§ **Goal of the exercise**
Give an unaltered copy of the listing below, minus its pictures.

§ **Available data**
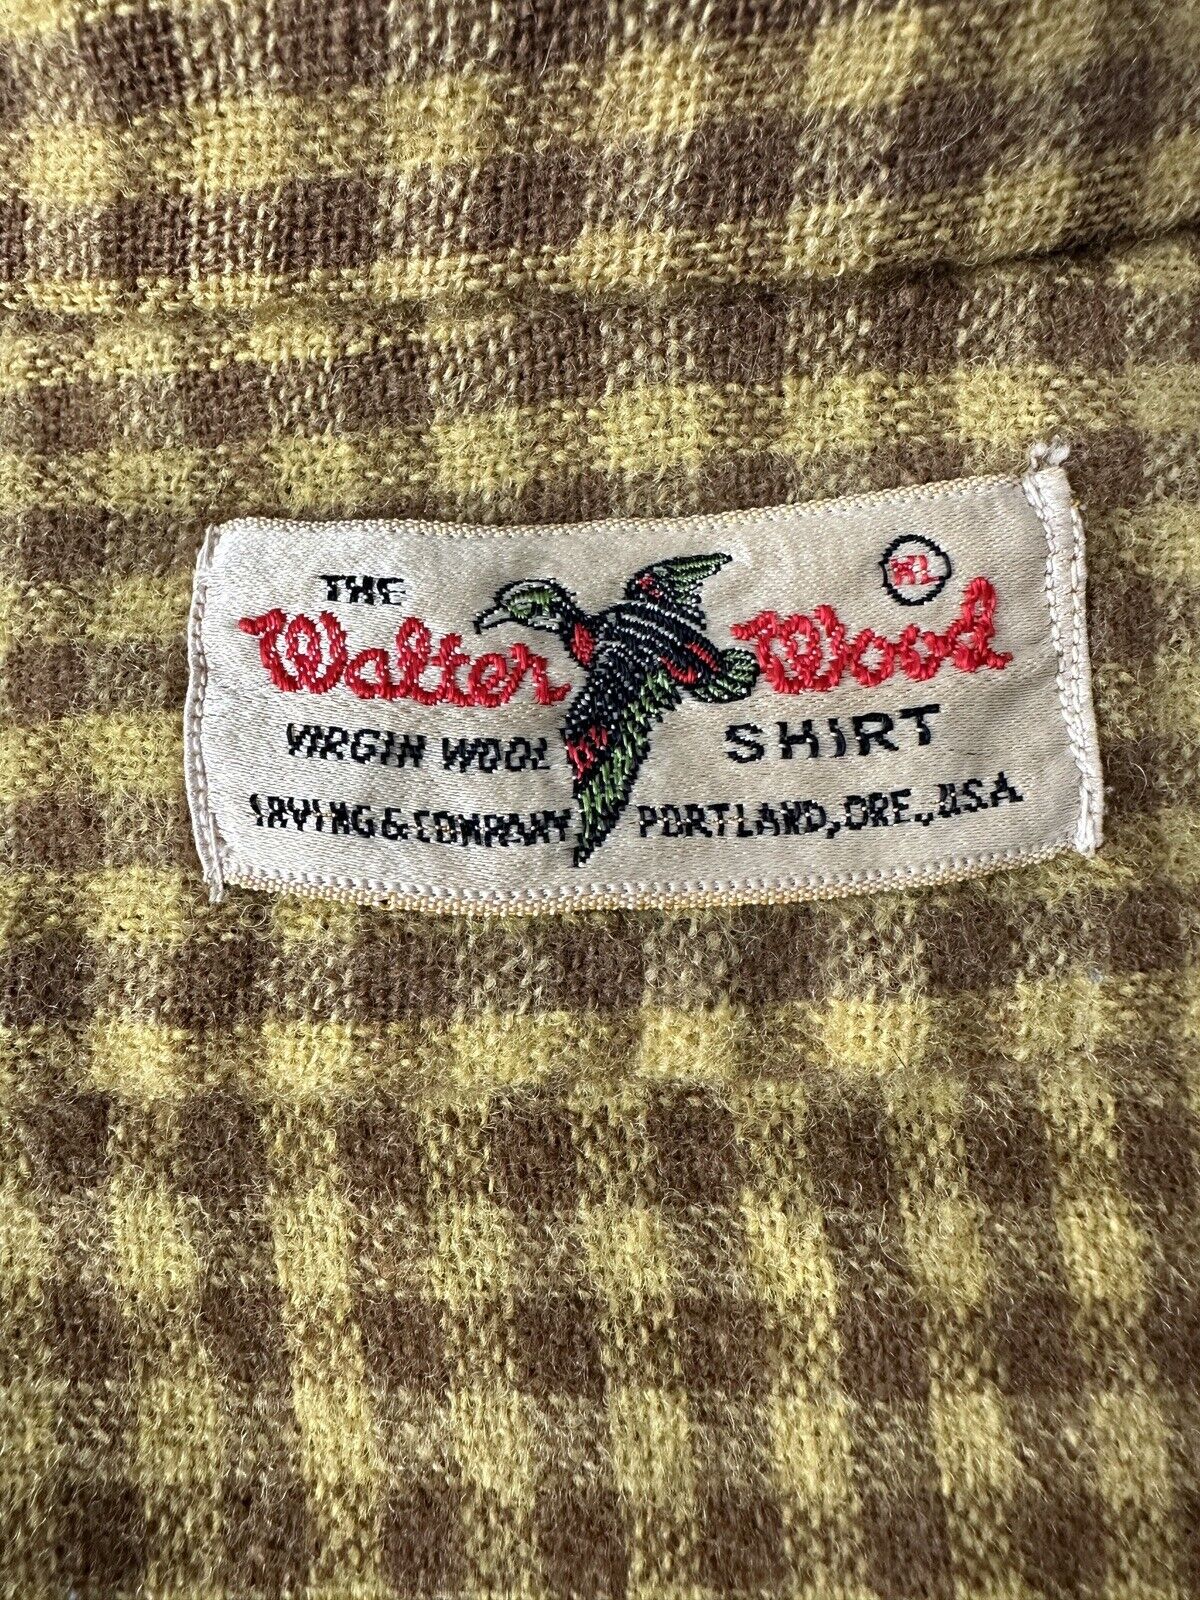 vintage walter wood irving company wool shirt 40s 50s chest 46” Plaid
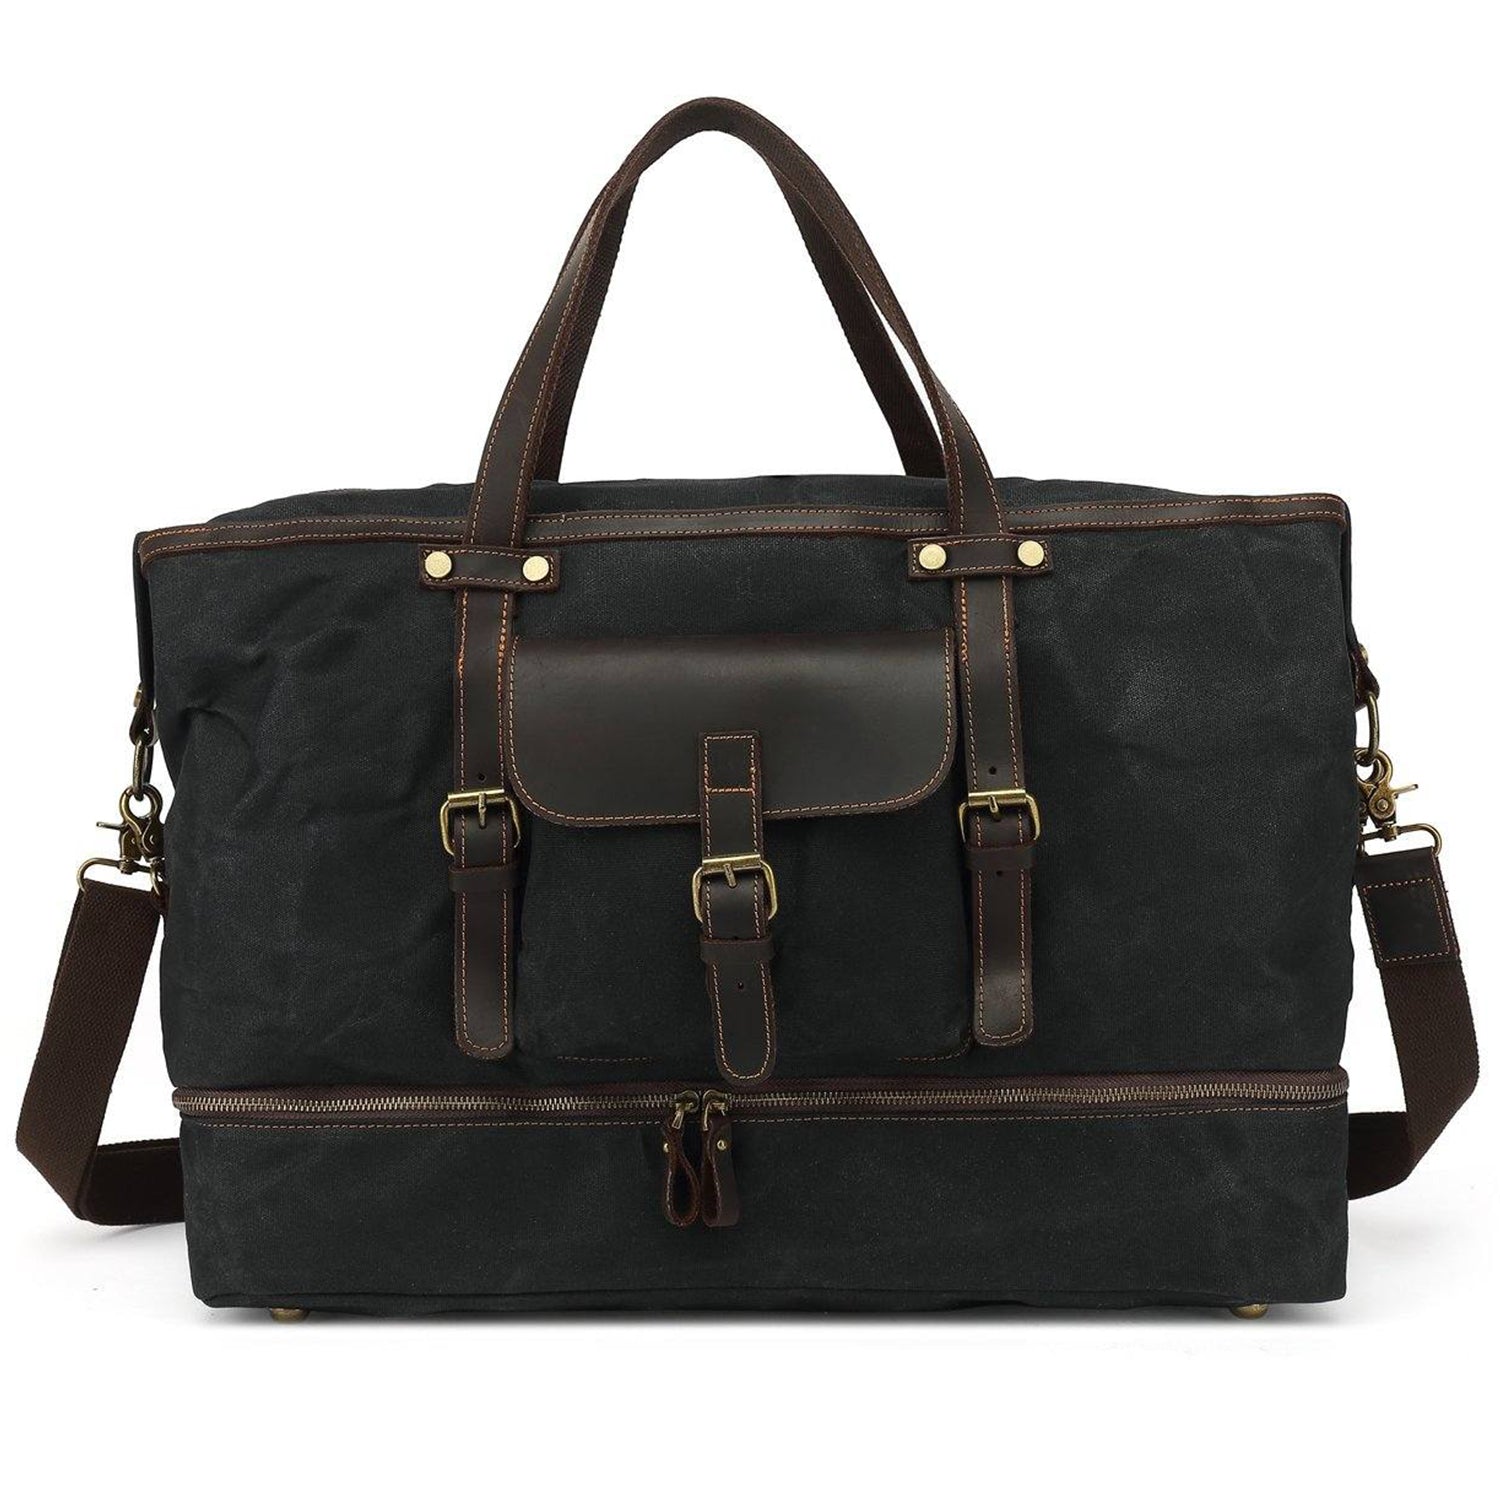 waterproof extra-large waxed canvas luggage
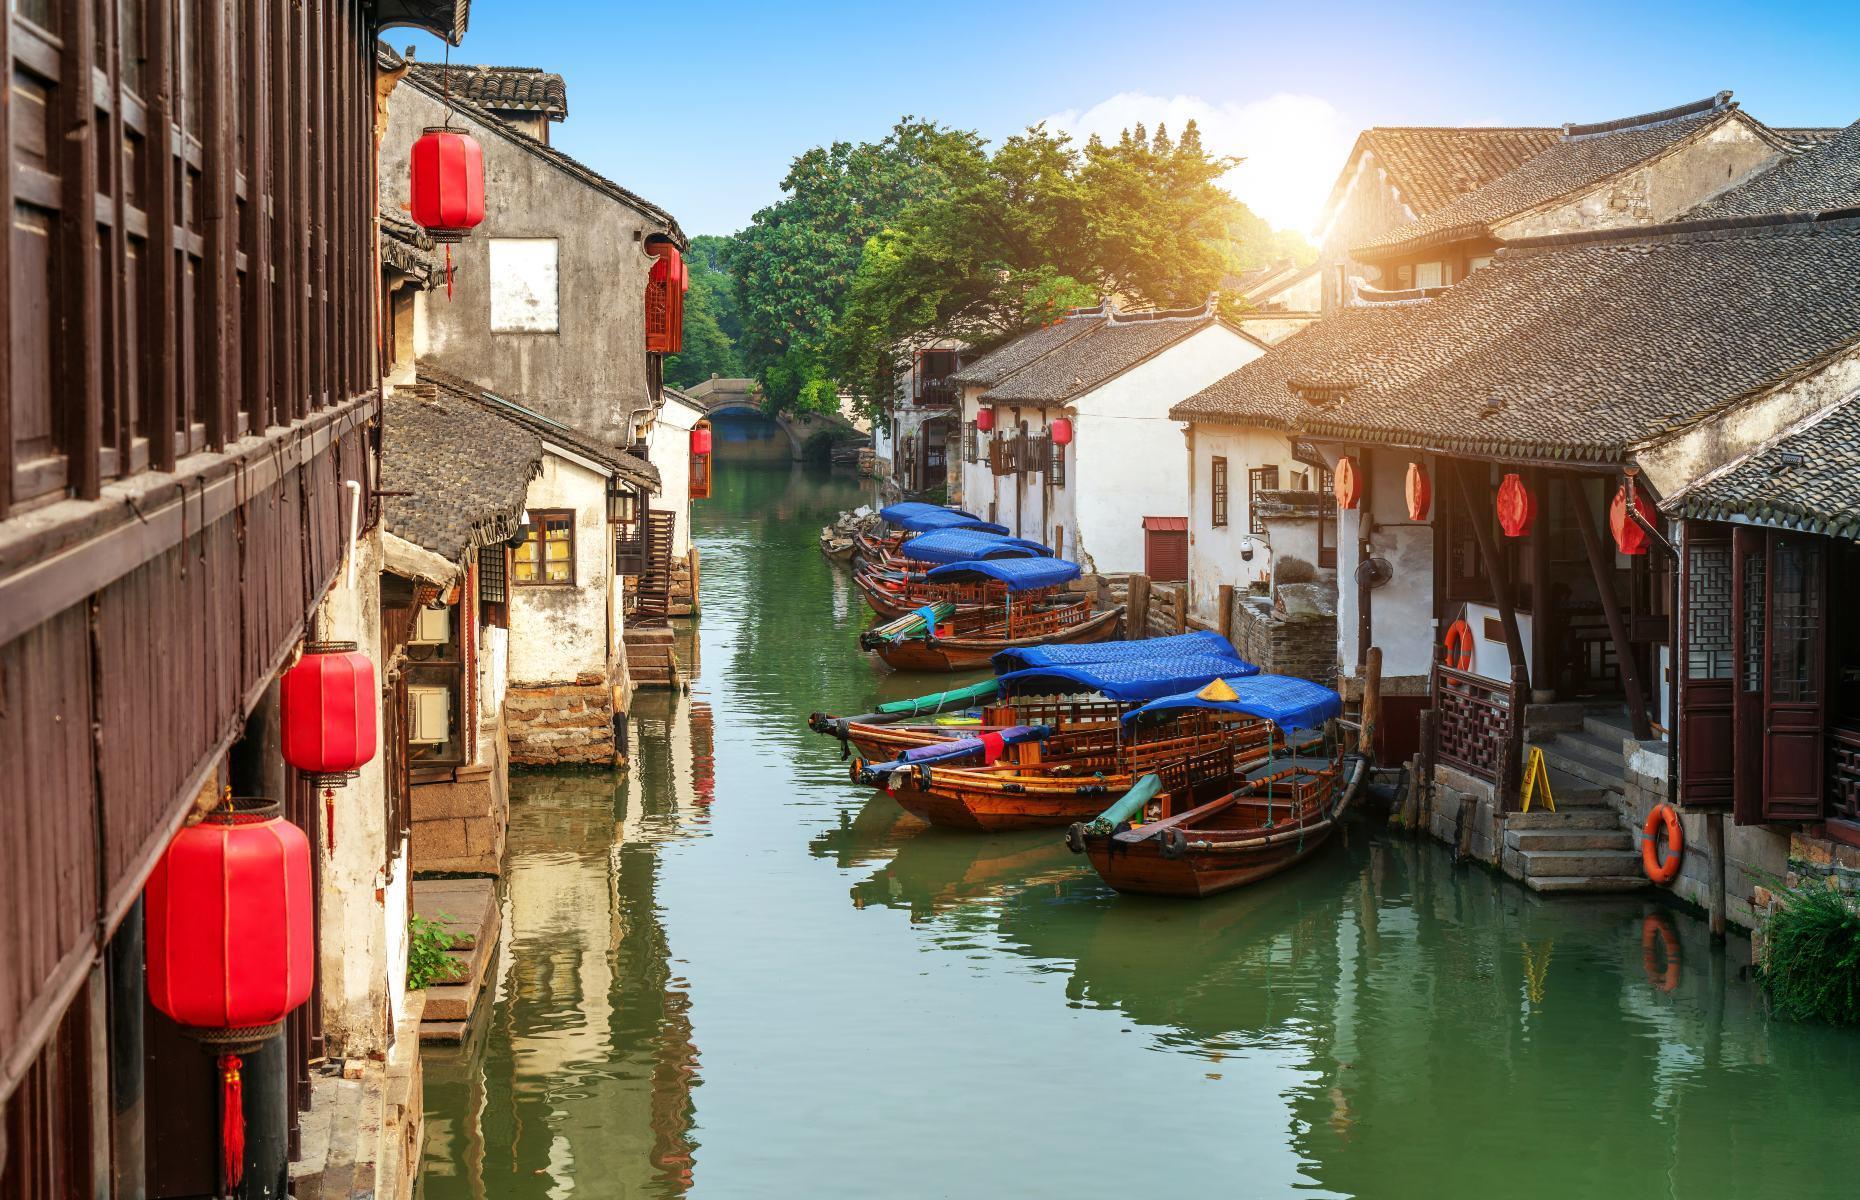 <p>Whether it’s a vast shipping canal or a narrow waterway, canals have been a prime transportation route for trade and leisure for centuries. Spanning everything from floating lagoon cities to cross-country water channels, here we take a look at the most incredible canals and waterways from across the globe.</p>
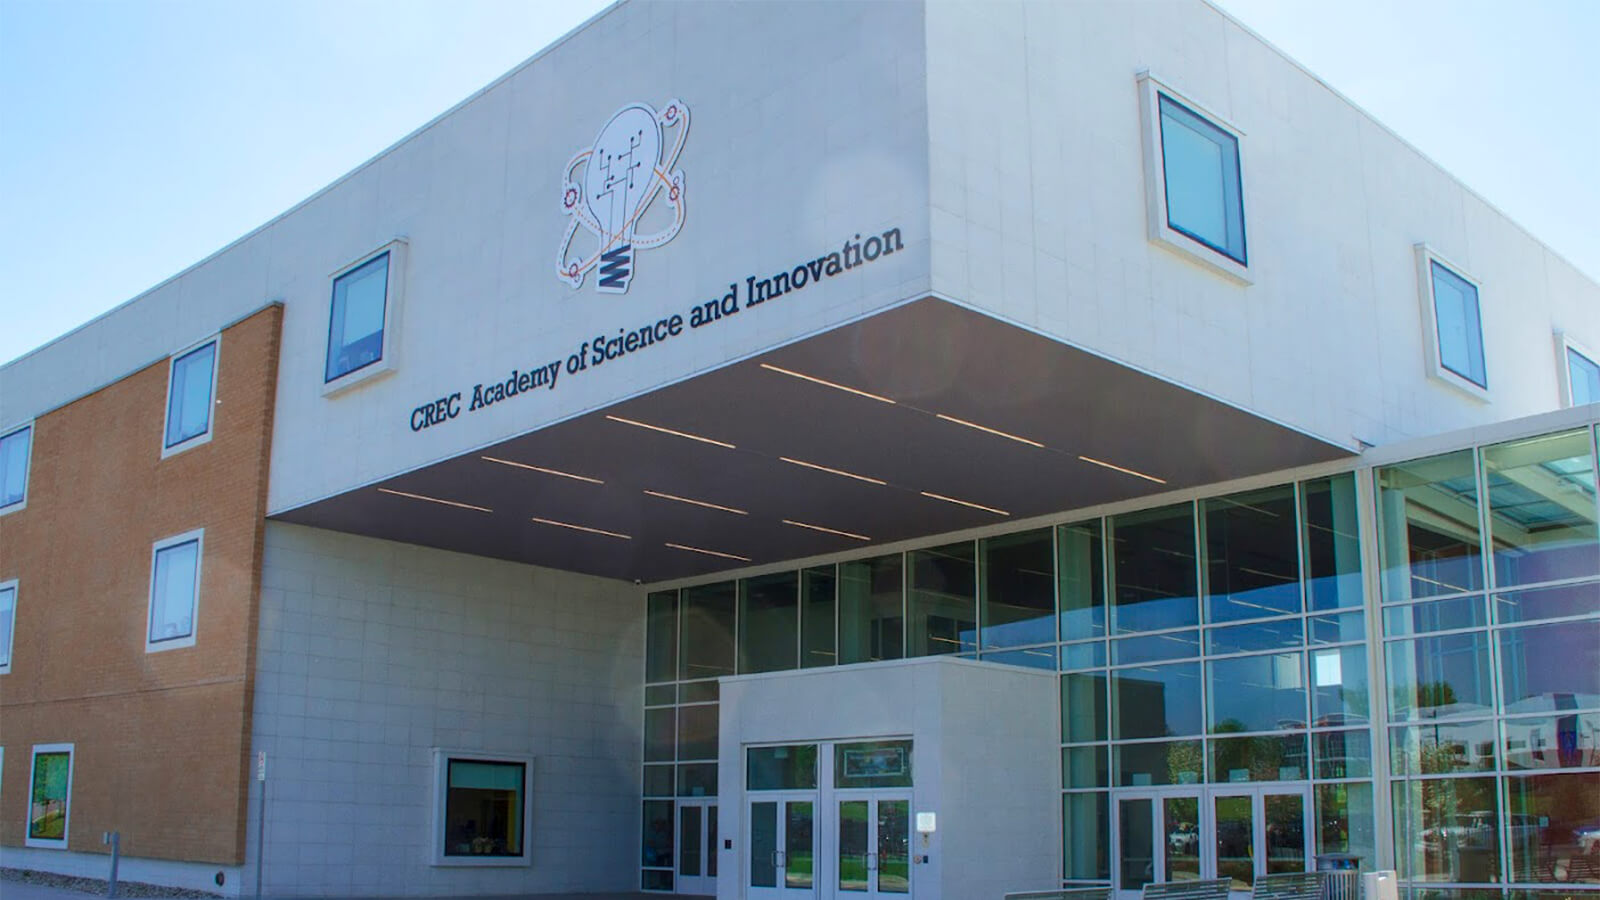 CREC Academy of Science and Innovation

§ **Exercise result**
 vintage walter wood irving company wool shirt 40s 50s chest 46” Plaid
 waterproof extra-large waxed canvas luggage
 <p>Whether it’s a vast shipping canal or a narrow waterway, canals have been a prime transportation route for trade and leisure for centuries. Spanning everything from floating lagoon cities to cross-country water channels, here we take a look at the most incredible canals and waterways from across the globe.</p>
 CREC Academy of Science and Innovation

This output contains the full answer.